BARRIE, ON, Aug. 9, 2022 /CNW/ – MediPharm Labs Corp. (TSX: LABS) (OTCQX: MEDIF) (FSE: MLZ) (“MediPharm Labs” or the “Company”) a pharmaceutical company specialized in precision-based cannabinoids, is pleased to announce it has entered into a research support agreement with the Keck School of Medicine of University of Southern California (USC) to conduct a randomized double-blind placebo controlled Phase 2 trial on the efficacy of THC and CBD to treat hospice-eligible patients diagnosed with dementia and experiencing agitation.

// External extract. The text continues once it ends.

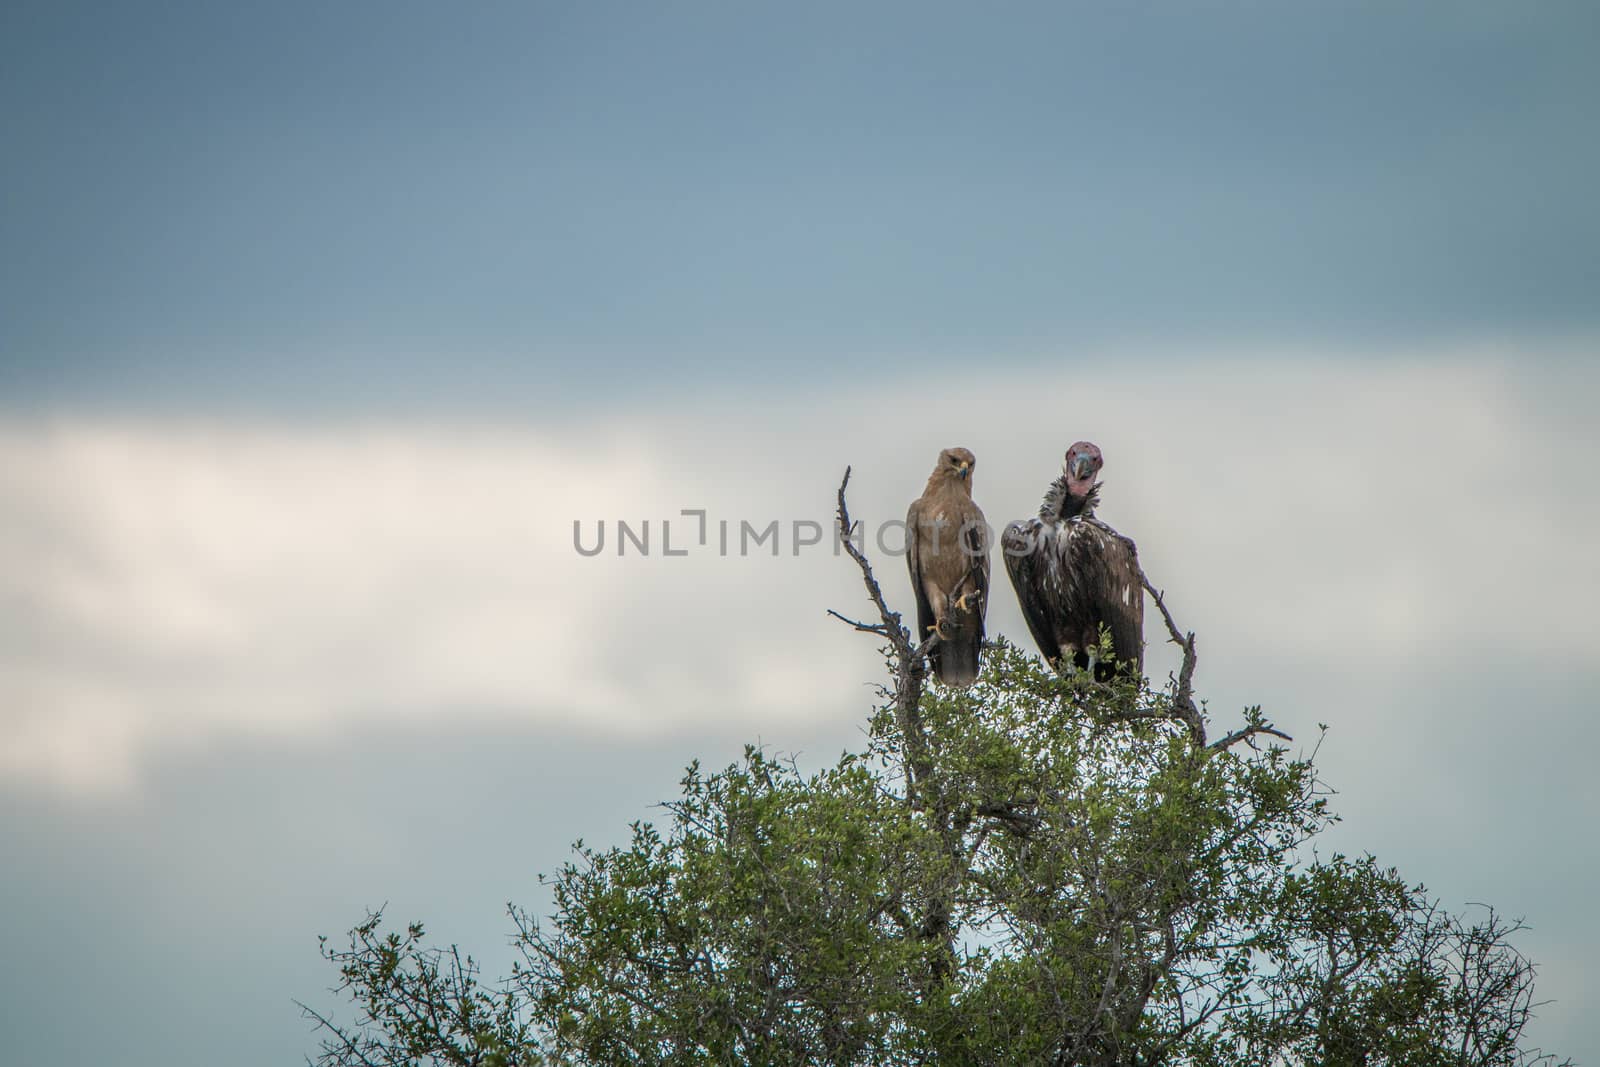 Tawny eagle and Lappet-faced vulture in a tree in the Kruger National Park by Simoneemanphotography

The lead investigators are Jacobo Mintzer, MD, MBA, Brigid Reynolds, ANP-BC, and the Alzheimer’s Clinical Trial Consortium (ACTC).The ACTC is led by Paul Aisen, MD, Alzheimer’s Therapeutic Research Institute at the USC, Ron Petersen, MD, of Mayo Clinic, and Reisa Sperling, MD of the Brigham and Women’s Hospital at Harvard Medical School. Consistent with MediPharm’s commitment to clinical research and the progression and adoption of drugs containing cannabis, the Company will supply the Sponsor and the Principal Investigators with the study drug and placebo, and such other information and assistance as may be required during the course of the study.

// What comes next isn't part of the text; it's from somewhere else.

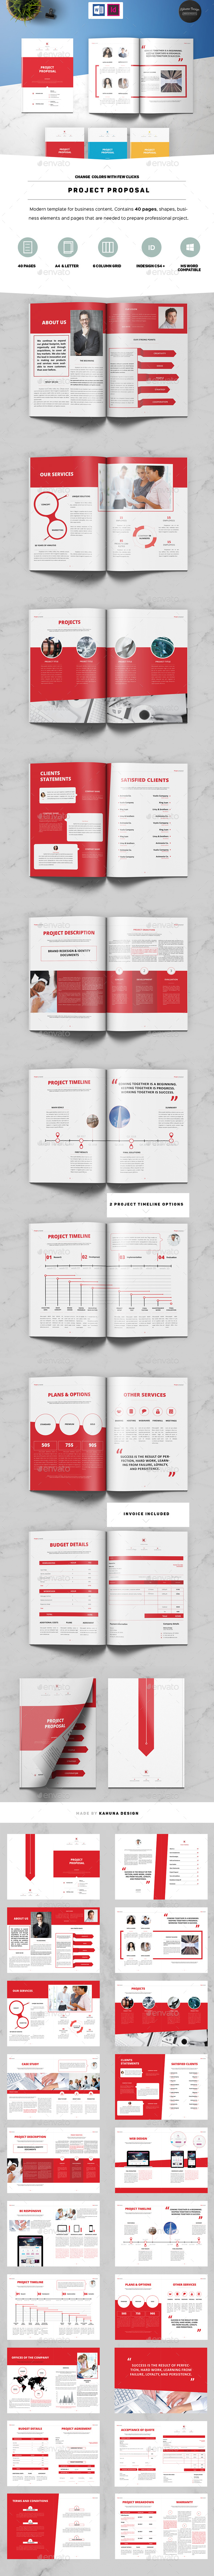 Graphicriver project proposal 17770141 download free version

David Pidduck, CEO, MediPharm Labs commented, “We are proud to participate in this important research that further solidifies our pharmaceutical approach to medical cannabis. This trial benefits from passionate lead investigators, a world-renowned sponsor institution and funding from the US National Institute of Health. Dementia and related indications are hard to treat for patients and caregivers especially at the end-of-life stage. It is our hope that the study will potentially provide a better therapeutic option than the current standard of care. MediPharm has invested in the infrastructure, licensing and expertise to become the preferred partner for pharmaceutical companies looking to add drugs containing cannabis to their pipelines. The [partnership] announced this morning provides further evidence that the Company has established processes that meet rigorous U.S. national and state specific regulations, and set the foundation for similar announcements in the future as we continue to build our pipeline.”
Study Details – provided by Alzheimer’s Clinical Trial Consortium
Approximately 50% of people diagnosed with Alzheimer’s disease or other types of dementia will receive hospice care at the end of their life(1). Of these, more than 70% will be prescribed psychiatric medications for management of agitation(2). There are no approved treatments or guidelines to assist clinicians in addressing end-of-life agitation in dementia. In the absence of appropriate evidence-based guidelines, patients are typically prescribed a combination of antipsychotics, sedatives, and opiates. These medications often lead to undesirable side effects, all of which tend to make the situation even worse, lowering quality of life for patients, and adding burden to their care partners.
Recent research suggests that derivatives of cannabis can be beneficial in controlling agitation and distress without the side effects of medications commonly used to treat agitation. In this project, Keck School of Medicine has chosen to use a combination of two medications, THC and CBD. This project aims to test the efficacy of an oral combination of THC and CBD, for the treatment of agitation in participants with a diagnosis of dementia who are eligible for hospice and experiencing agitation. The proposed study consists of a 12-week, Phase 2, multicenter, randomized, double-blind, parallel-group, placebo-controlled study, with primary outcomes evaluating the efficacy and tolerability of a THC/CBD oral combination at week 2 and secondary outcomes at week 12.
The study will recruit approximately 150 participants from 20 clinical trial sites in the United States over a two year period.